Wichita conseguiu sorrir.
— Menino ou menina primeiro?
Ele deu de ombros antes de olhá-la.
— Você vai fazer a parte mais difícil de tudo. Você escolhe.
— Já que todos nós temos codinomes peculiares... Minha mãe nasceu em Scottsdale. Podíamos chamar um menino de Scott. Ou de Dale.
— Eu gostei – ele sorriu, deixando-a saber que estava sendo sincero – Podíamos chamá-lo de Scott Dale. Sabia que dizem que pessoas chamadas Scott tem uma ligação forte com o amor e a família? E que Dale significa aquele que gosta de viver?
Wichita sorriu.
— Soa como você.
— Fico feliz em saber – ele sorriu de volta – Mais ideias?
— Por enquanto só tenho essa. Você tem ideias pra meninas?
— Nova.
— É fofo, mas por que esse?
— Meu pai nasceu em Nova Iorque.
— É mesmo... – ela disse ao se lembrar que ele já lhe contara isso – Também podíamos chamar uma menina de Angel.
— É lindo. Mas por que esse? – Ele perguntou.
— Lembra que morei em Los Angeles quando eu tinha 15 anos? Foi uma época boa.
— Ah, sim. Fico feliz que ainda tenhamos algo bom pra lembrar de antes disso. Mesmo doendo tanto às vezes.
Wichita concordou.
— Passei tanto tempo achando que a única filha que teria seria minha irmã.
— Eu achei que nunca teria algum depois que tudo isso começou. Eu não tinha irmãos e morava longe dos meus pais. Mas achava que talvez um dia... Se eu tivesse alguém, e tivéssemos filhos... Não que eu fosse querer que as crianças consertassem nossos erros do passado. Mas podiam abrir caminho pra um futuro novo.
— Eu amo a maneira feliz como você pensa em tudo.
Columbus a olhou.
— Tallahassee sempre disse que isso ia me matar.
Wichita riu.
— Que bom que ele tava errado.
— É... Muito bom. Espero que nosso filho não tenha medo de palhaços.

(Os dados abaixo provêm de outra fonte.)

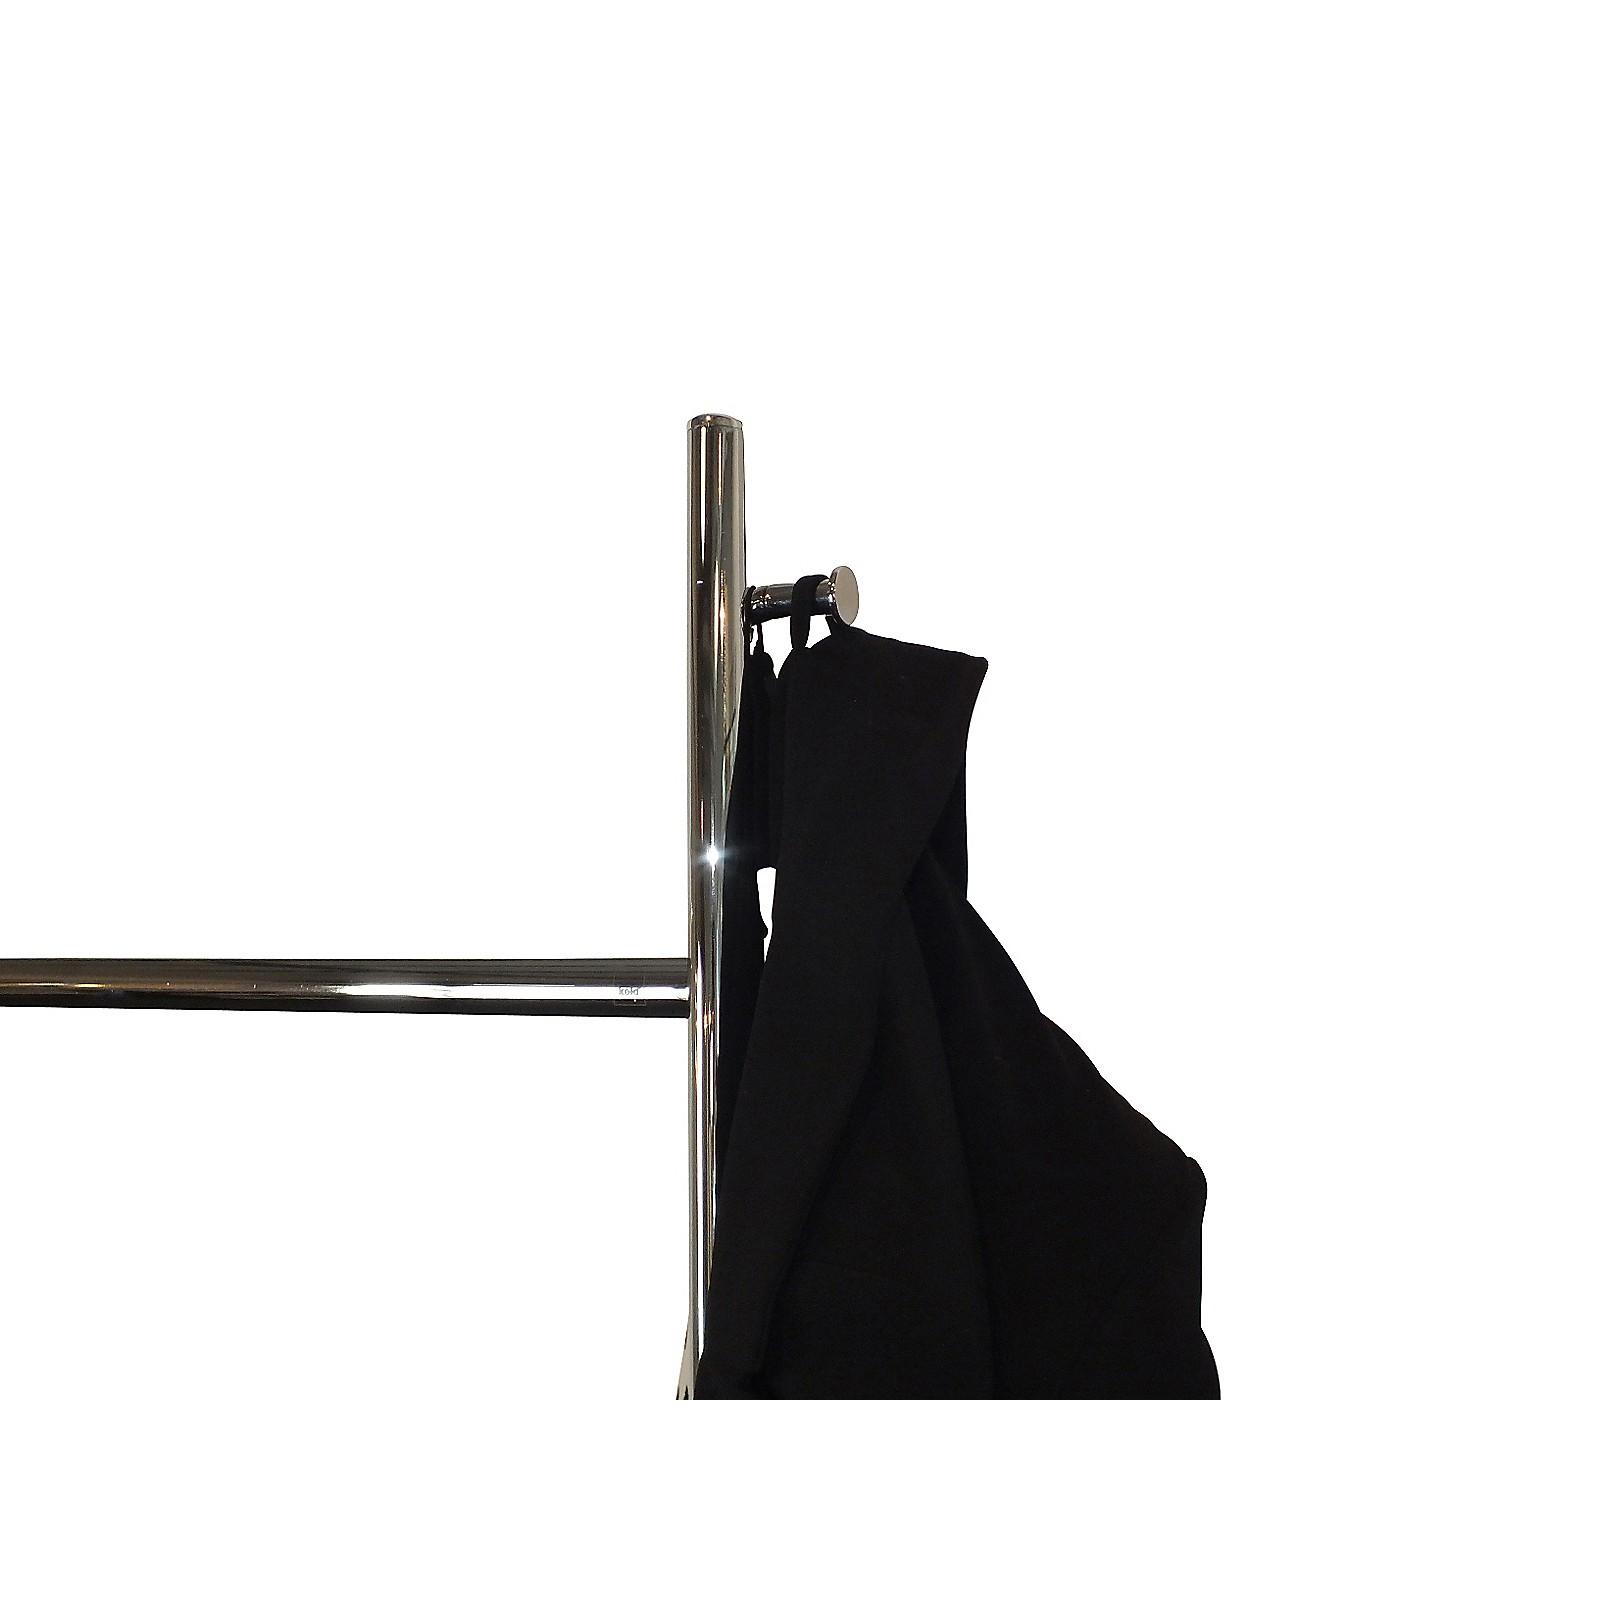 Kela Handtuchleiter LUNIS Metall Handtuchhalter

— Se tiver coragem pra enfrentar zumbis já será muito bom. Quando ele crescer e descobrir o que é um.
Ele assentiu.
— Quero tanto que a cura seja real...
— Eu também – Columbus respondeu – Mas você quer dormir agora? Acho que você deve.
— É verdade. Hoje foi estressante.
Ela se aconchegou melhor ao marido quando ele beijou sua testa.
— Boa noite, amor.
— Boa noite, querida.
Os dois se acomodaram abraçados até se encaixarem confortavelmente e caírem no sono.